Non ci sono stendardi ad suffragare un territorio, la gente vale quanto il desiderio di disporsi per tutelare il patrimonio ulivicolo e il suo valore, più alto della grande muraglia cinese e certamente molto più stupefacente della Pietà di Michelangelo o l’urlo di Munch.
Piante impossibili da contare, se non dalle loro stesse moltitudini congiunte da una miriadi di associazioni di tutela, che le descrivono e le rendono fondamentali.
La monumentalità nel caso dell’ulivo è molto di più che una questione di assi cartesiani, non basta misurarlo con un semplice formula empirica, perché tra queste piante potrebbero esserci molti più parametri di quanto si possa pensare.
L’olivicoltura vive gravi complessità e spesso le conferenze-vetrina sull’argomento, non si possono intendere, specie se inorridiscono il diritto di un lavoro, di una collettività dimenticata, spesso costretta ad emigrare o a lasciare la terra. Già, chi ha coraggio di parlare dell’abbandono agricolo? Quello che succede può essere documentato in ogni momento, piccole civiltà contadine che in silenzio affrontano il loro dramma quotidiano e non si può che essere solidali con loro, in particolar modo se si proviene da storie di vecchie lotte contadine come quelle dell’Arneo.
Questi sono i veri dibattiti che vale la pena condividere e non più gli accorati comizio di piazze di paese riempite per l’occasione dal solito carrozzone politico.
Ogni albero borbotta come la voce del suo custode, ma i movimenti sbocciano sempre dalle periferie, dai quartieri dimenticati, dagli angoli delle masserie, nei discorsi tra i frantoi, tra i filari degli ulivi.
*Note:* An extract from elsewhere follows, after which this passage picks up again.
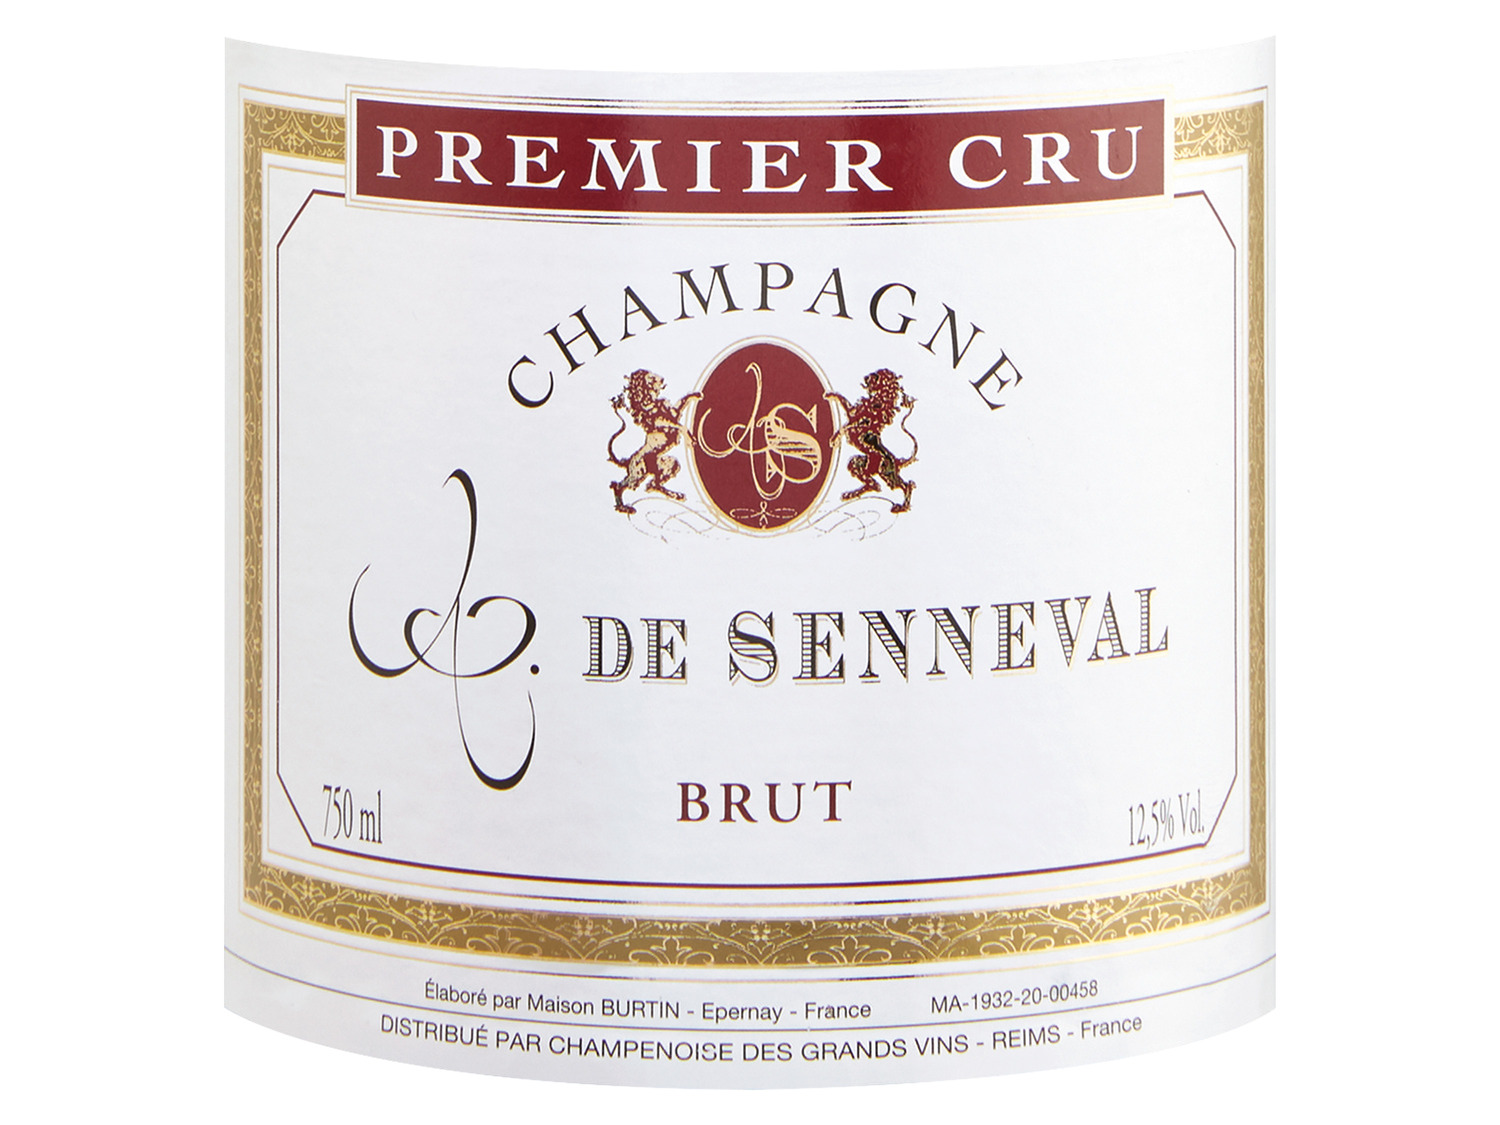 Comte de Cru Senneval Premier brut, Champagner 2011

Testimonianze a bizzeffe: agricolture avvelenate, alberi bruciati o decapitati, discariche e sconforto, nonostante l’inesorabile impegno globale per supportare l’ecosistema olivicolo.
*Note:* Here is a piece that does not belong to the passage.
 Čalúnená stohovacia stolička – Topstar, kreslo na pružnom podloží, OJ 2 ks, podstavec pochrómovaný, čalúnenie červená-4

Ogni terribile abbattimento è espressione di una decadenza, è un attimo di solitudine nel silenzio delle cavità dei loro tronchi spesso seviziati da potature selvagge, fatte ad hoc, nei limiti della buona pratica agricola, per far decadere un antichissimo equilibrio: l’opposto di quello che i nostri progenitori facevano innestando il gentile sul selvatico.
Si assiste ancora a tagli irrazionali, ancora oggi non è chiara ad esempio, la differenza, tra ciò che definisce una “ capitozzatura”, “taglio della chioma” o “spalcatura” in un capitolato di un appalto di potatura; definizioni opinabili che attendono il parere di tecnici e operai specializzati, quasi mai chiamati a valutare per conformare disciplinari, termini e razionalità degli interventi.
In questo campo, vi è carenza di riferimenti comuni, già vigenti da tempo in altri nazioni che con opportune politiche del verde sono in grado di rendicontare addirittura il valore delle emissioni della CO2 e di quello ambientale, spesso trascurati dalle comunità pugliesi.
Il valore degli ulivi restituisce dignità alle prossime generazioni; ciò che sta avvenendo è inaccettabile; volgarità e l’arroganza di certe scelte consumano i territori.
È opportuno, quindi, creare condizioni fondamentali che traccino i percorsi di un ulivo espiantato, per evitare possibili fenomeni d’illegalità diffusa, tramite un adeguata sorveglianza, che coinvolga la passione della gente comune e, perché no, l’interesse delle associazioni di categoria presenti in Puglia, affinché la sua popolazione sia risarcita da un possibile oltraggio ambientale.
Mappare e preservare gli alberi sul territorio di competenza è di grande utilità per conoscere, ad esempio, le misure da adottare per contenere le cause del dissesto idrogeologico o della desertificazione, creare percorsi eco turistici o favorire i prodotti tipici e i consorzi di olio extravergine prodotto da ulivi secolari ancora meglio sostenere le idee che tutelano il paesaggio. Oggi schierarsi dalla parte degli ulivi, dei loro portavoce, ribadisce il coraggio e la replica; chi è indifferente a queste questioni non può dire di amare la sua terra né le sue meravigliose creature.